Nursing Notes Sample Narrative

Nursing Notes Sample Narrative

Narratives are a type of nursing note that’s written in a narrative fashion, meaning that it tells the story of your patient’s illness. This gives you a chance to take the time and write down all of the details about what happened during their hospital stay so that they can be read by other healthcare team members (such as doctors).

Situation:

  • Situation:

The patient is a 67-year-old male with a history of heart disease and diabetes who was admitted to the hospital for chest pain. The nurse is providing education about diet and exercise to promote weight loss, which is one of the goals of his care plan.

Assessment:

Assessment:

Patient’s general appearance: The patient is a young adult female. She appears to be in her mid-twenties and is dressed in casual clothes. She has a pale complexion, with no medical devices or bandages noticed upon initial observation. Patient’s skin color is normal for the time of year (July).

Patient’s temperature: The patient’s temperature was recorded at 97 degrees Fahrenheit when she arrived at the emergency department by ambulance. Her vital signs are stable and within normal limits for her age group and gender; however this may change as she becomes more ill over time as partanters enter their third trimester of pregnancy, so it will be important to take note of any changes throughout your shift today.

Pulse and Respirations: The patient’s pulse rate was recorded at 70 beats per minute upon arrival and respirations were measured at 16 breaths per minute which are both within normal limits for someone who is not pregnant yet still requires close monitoring by nursing staff due to potential complications that may occur during delivery such as preeclampsia/eclampsia which can cause high blood pressure levels if left untreated.”

Plan:

  • What is your plan?
  • How will you know if you are meeting the goals and objectives of your plan?
  • How will you know if you are achieving expected outcomes of your plan?

Action/Intervention:

An Action/Intervention is a specific action taken by the nurse to address a patient’s health condition. An Action/Intervention may be successful or unsuccessful.

  • Successful Action/Intervention: The nurse identified that the patient had hypothermia and provided warmth and support to the patient through comfortable bedding and blankets.
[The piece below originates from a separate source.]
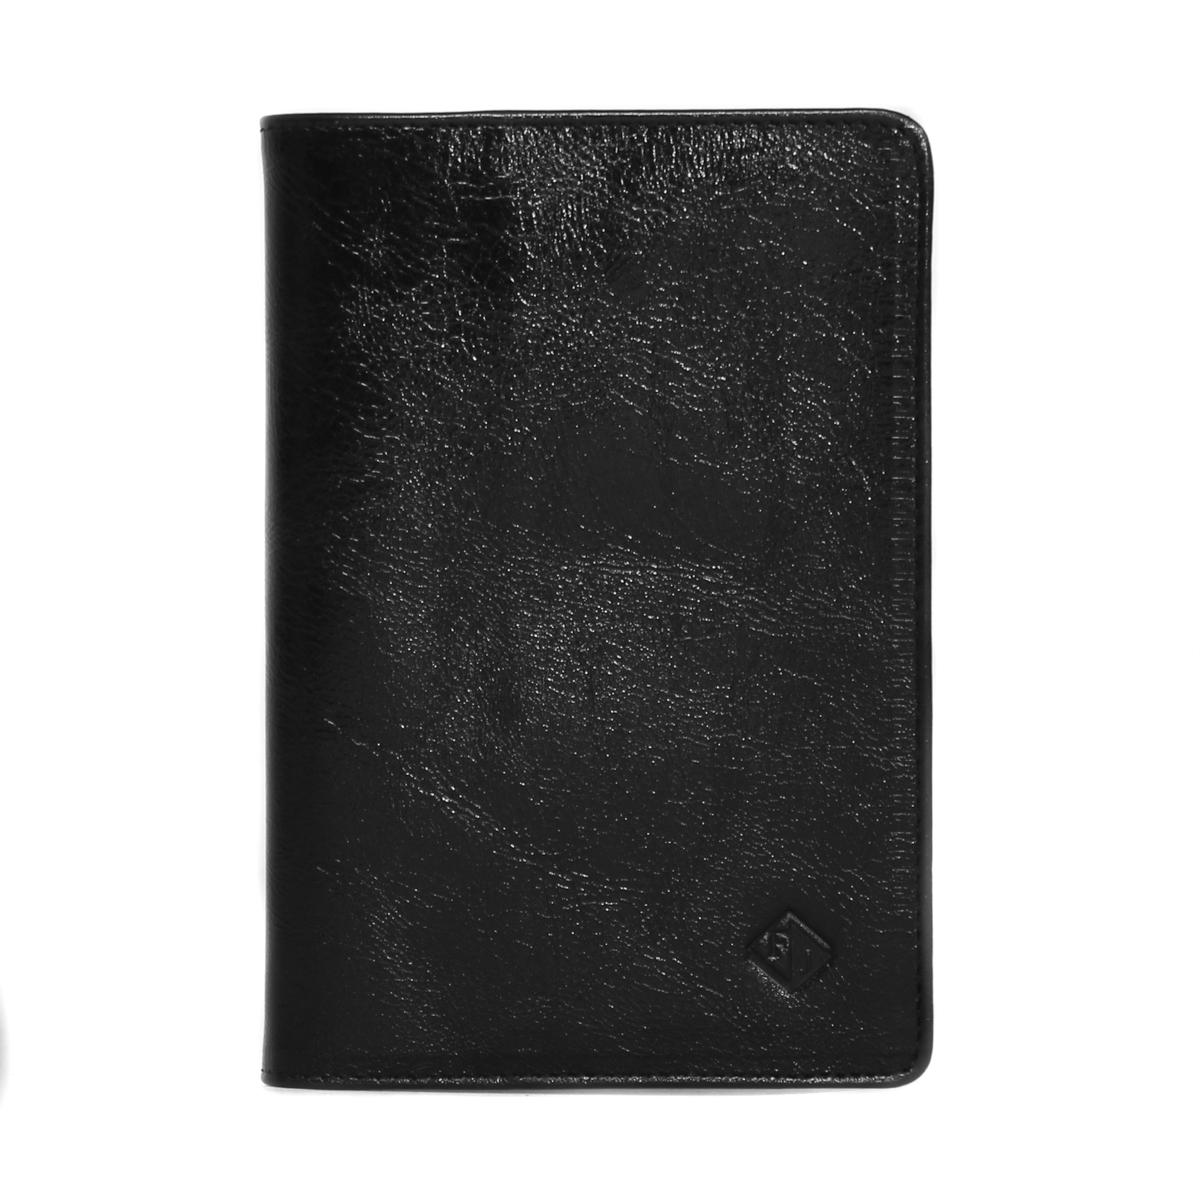 Обложка для паспорта женская Flioraj, цвет: черный. 0005111300051113Удобная и практичная обложка для документов.
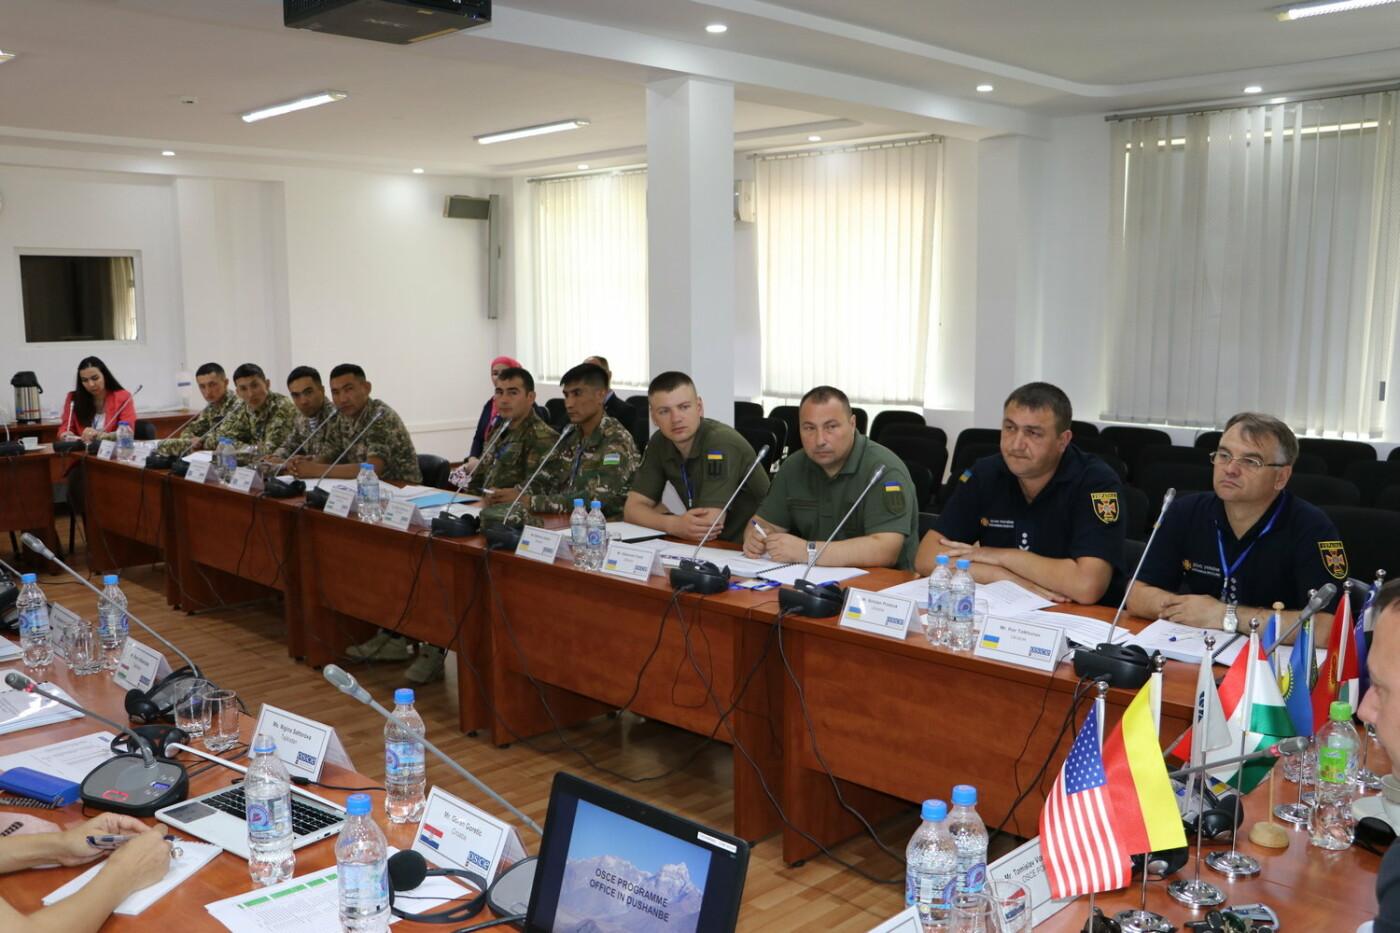 Військовий Центру розмінування пройшов підготовку інструкторів на базі ОБСЄ, фото-2, Фото: Центр розмінування

This intervention was effective in restoring the patient’s core temperature to normal range, which allowed him to regain consciousness within 24 hours.* Unsuccessful Action/Intervention: The nurse failed to identify that her patient was hypothermic due to an incorrect assessment technique.*

Takeaway:

The main takeaway from this article is that nursing notes are important because they can be used to track the progress of a patient’s care.

The patient is an 85-year old female with a history of hypertension and type 2 diabetes mellitus. Her lab results are as follows: HbA1c = 7.8; creatinine = 1.4; LDL cholesterol = 100; HDL cholesterol 400. She has been prescribed metformin for her diabetes and aspirin for blood pressure control but does not take these medications regularly because she has suffered from multiple falls at home due to dizziness and unsteadiness on her feet after taking them in the past.